Sounds like we do in SC. We usually put the buoy out ahead of time, and leave it for the captain to reference, though...except for maybe pulling it out of the ledge when we get down there. I am only open water, but experienced with nitrox and good to about 140'. Let's go this weekend if it's pretty. I have everything but the tanks. [email protected]


----------



## lperiman (Jun 29, 2009)

Hangover, I'm just up the road from you in Milton would definitely be interested in getting out there. Got all my gear and boat just need a dive buddy. I'm a bit new with very few dives logged so would like to stay less than 80' to get comfortable but I would be available most weekends. Contact if you'd like to trade some rides and let's get some fish.


----------



## Hangover (Aug 5, 2013)

lperiman said:


> Hangover, I'm just up the road from you in Milton would definitely be interested in getting out there. Got all my gear and boat just need a dive buddy. I'm a bit new with very few dives logged so would like to stay less than 80' to get comfortable but I would be available most weekends. Contact if you'd like to trade some rides and let's get some fish.

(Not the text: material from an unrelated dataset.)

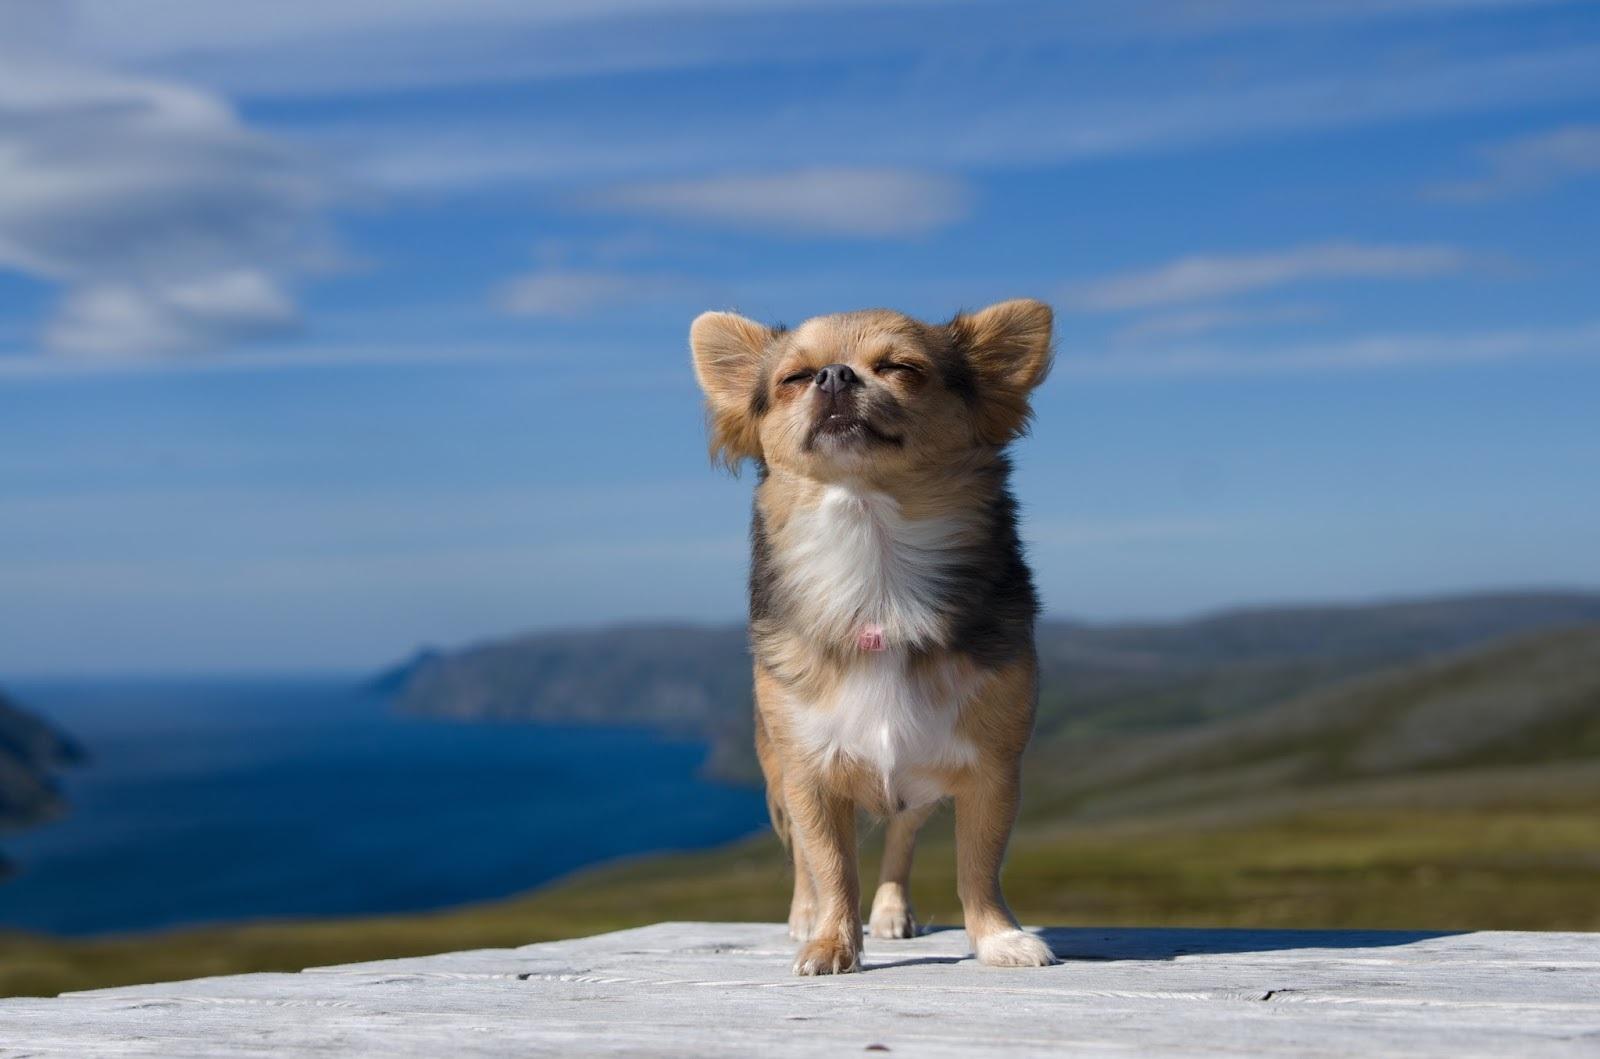 Смотреть Маленькие породы собак – удивительные милые создания видео

Sounds good. I'm headed offshore but back in 2 weeks. Need to get serious in early August. From some of the interest in this thread it looks like we can pull together a crew.


----------



## redlegs (Oct 1, 2007)

--Update: seats have been filled. However, still looking for a couple of divers to add to my "call me" list

Anyone looking to get wet Sunday? got 1-2 seats open (not a charter, small boat). Split gas, ice, etc (standard ROE lol). Probably nearshore (3barges, gilcrest, patti, to name a few possibilities), maybe a little father (50 to 75). Spearing ok, recreational ok. novice to intermediate ok. Looking for those who love to dive and be on the water. Hit me up, will discuss..


----------



## Hangover (Aug 5, 2013)

*Weather*

So much for diving this week:thumbdown:


----------



## watergator (Apr 5, 2016)

Now that this thread has been revived I would like to throw my name in there to fill open spots. I'm still pretty new to the area so I can't help with adding spots, but I am fairly experienced diving and spearfishing. I am advanced, nitrox, and rescue certified as well as FII level 1 so I'm down for just about anything and can competently run the boat if live boating is the game. I live in gulf shores but making trips over to Florida is definitely doable. 

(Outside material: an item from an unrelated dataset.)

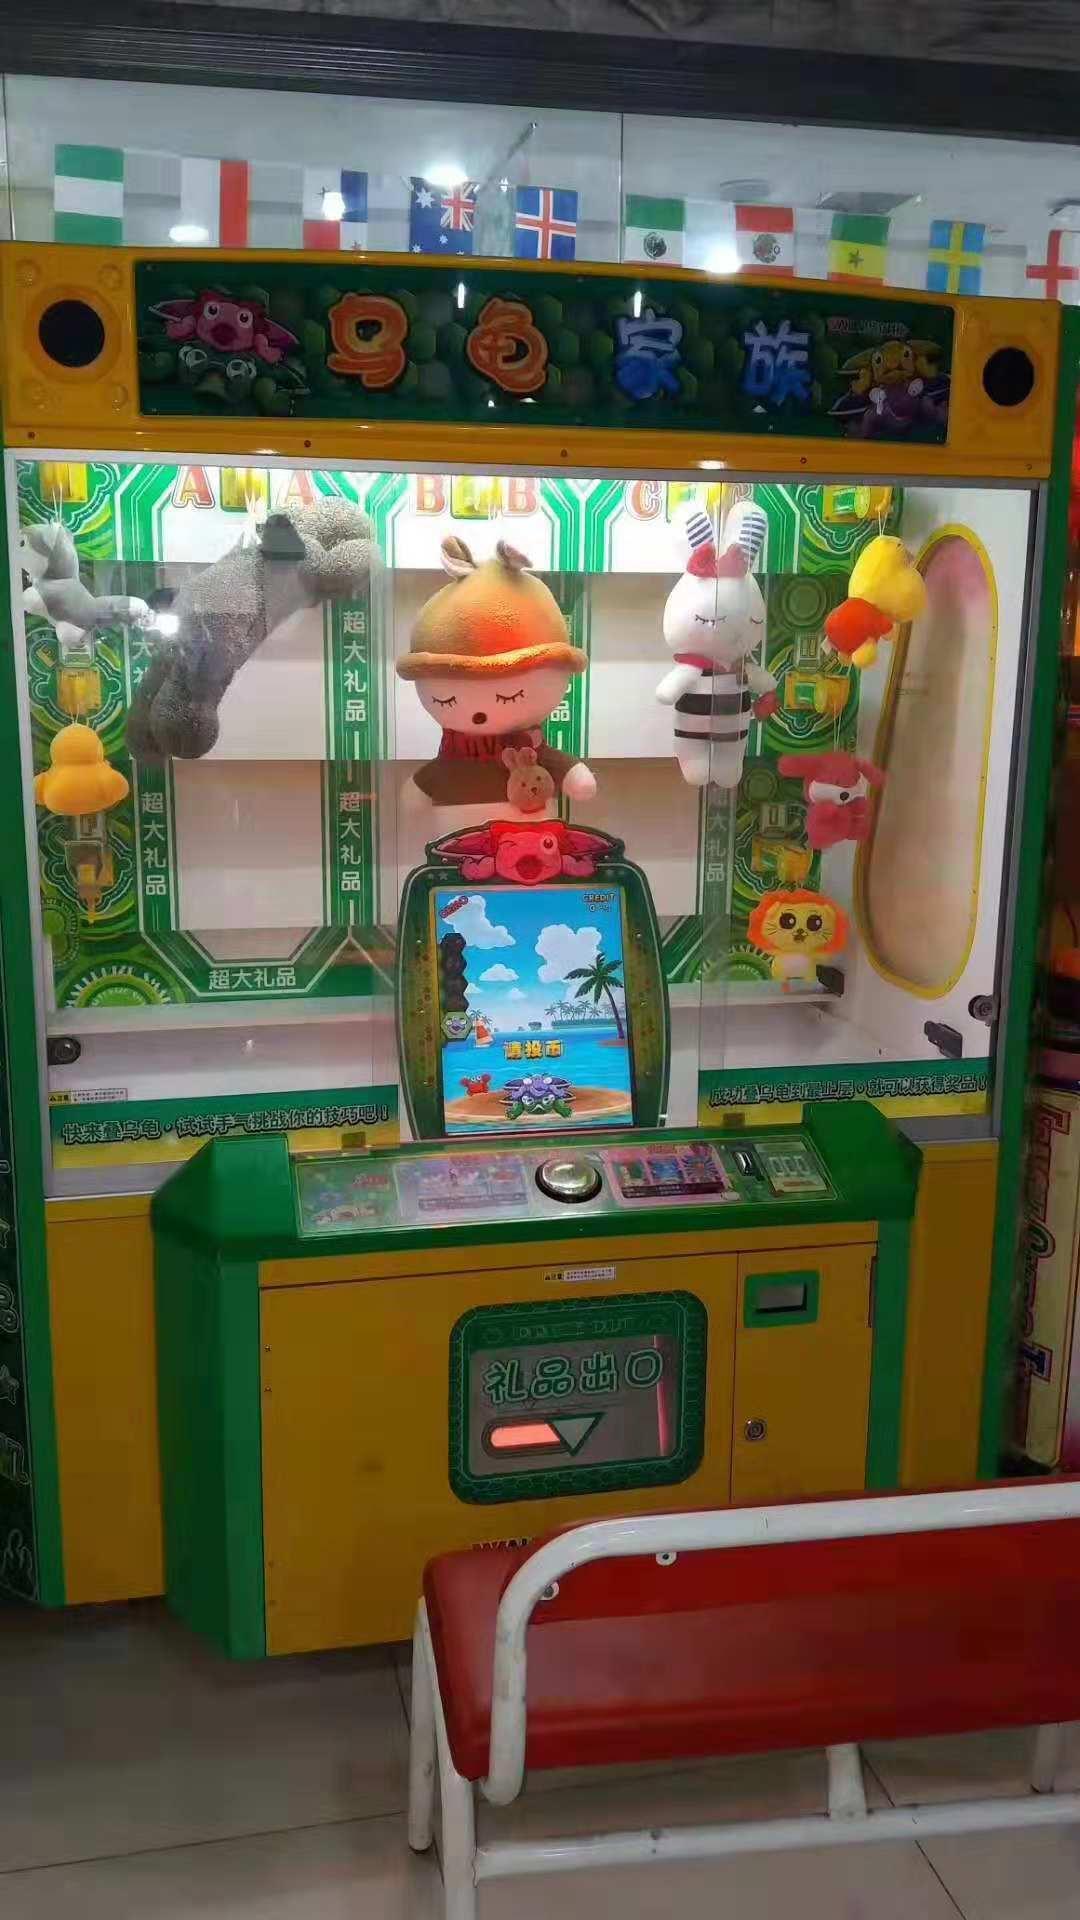 肇庆电玩城回收电玩城设备价格肇庆电玩设备回收厂家 水果炸翻天

Thanks guys and safe diving. 


Sent from my iPhone using Tapatalk


----------



## Hangover (Aug 5, 2013)

I'm down to get a group together as soon as we have a weather window. I have a boat that's well equipped and will dive 4 comfortably with 2-3 tanks each. It's a 25 Parker so I'd say 2-3 ft or much less would be ideal. I think I have most of the public numbers loaded and have a few inherited "other" numbers in the area.


----------



## SattDaddy (Mar 2, 2015)

Hey fella, I'm in Navarre and PADI adv open water with 5 specialty certs. I haven't dove in several years, 90% disabled w/ back problems But once I'm in the water I am g2g. I need to get my bc serviced and need to buy a couple tanks but have everything else. I'll watch this thread and keep in touch. I'm really interested in getting into spear fishing.

SattDaddy


----------



## vulkanman (Mar 16, 2015)

I'm new to scuba, supposed to complete my OW dives this week if the weather holds. How tough is it get started spearfishing? I sort of imagine people are hesitant to buddy up with a novice because of safety, but what would you recommend to someone looking to get experience?


----------



## Hangover (Aug 5, 2013)

vulkanman said:


> I'm new to scuba, supposed to complete my OW dives this week if the weather holds. How tough is it get started spearfishing? I sort of imagine people are hesitant to buddy up with a novice because of safety, but what would you recommend to someone looking to get experience?


Fair comments. I've been in your shoes. My most stern warning it to become completely comfortable multitasking in the water. Also consider AOW, nitrox and even some light tech training like deco procedures & Advanced nitrox. Then dive, dive, dive.

Next, seek out a charter that does normal inshore/offshore dives but will allow you to dive with a speargun. Notice I say dive with a speargun. Open charters with many people is often not conducive to shooting but it's a place to start.

Gear selection will be mission dependent. Seems like folks around here really like line shaft guns but I got tuned into free shafting. Perfect solution is to get a gun that you could do either with. At the end of the day it's about building muscle memory which will aid in mitigating task loading through familarity. Ocean Rhino, Koah and possibly even Riffe may have hybrid guns that allow you to both free shaft & line shaft. 

The first two videos are of an annual trip I go on. It's a great way to get some serious trigger time and jump up the learning curve after one has mastered diving. Plus hogfish are pretty easy to shoot and tasty.

Another option is to do the charter thing and target lionfish. 



Spearfishing in the Dry Tortugas











Or just shooting Lionfish


----------



## vulkanman (Mar 16, 2015)

Where can you find info for charters? a lot of the stuff that comes up on google is outdated, is there a public bulletin board? I'd like to meet up with a regular group if theres an opening?


----------



## aknavy (Jul 31, 2012)

I dove with H2O Below this weekend. They have a nice boat and ran a good program. I'd dive with them again, and most of the people on the boat were repeat customers. Boat was well equipped with DAN Diver kit, AED, lot's of oxygen, and extra scuba gear for those that might have problems or forget something.


----------



## Hangover (Aug 5, 2013)

Trying to pull together a Black Friday dive/spearing trip. Need 1-2 divers. Message me if interested.


----------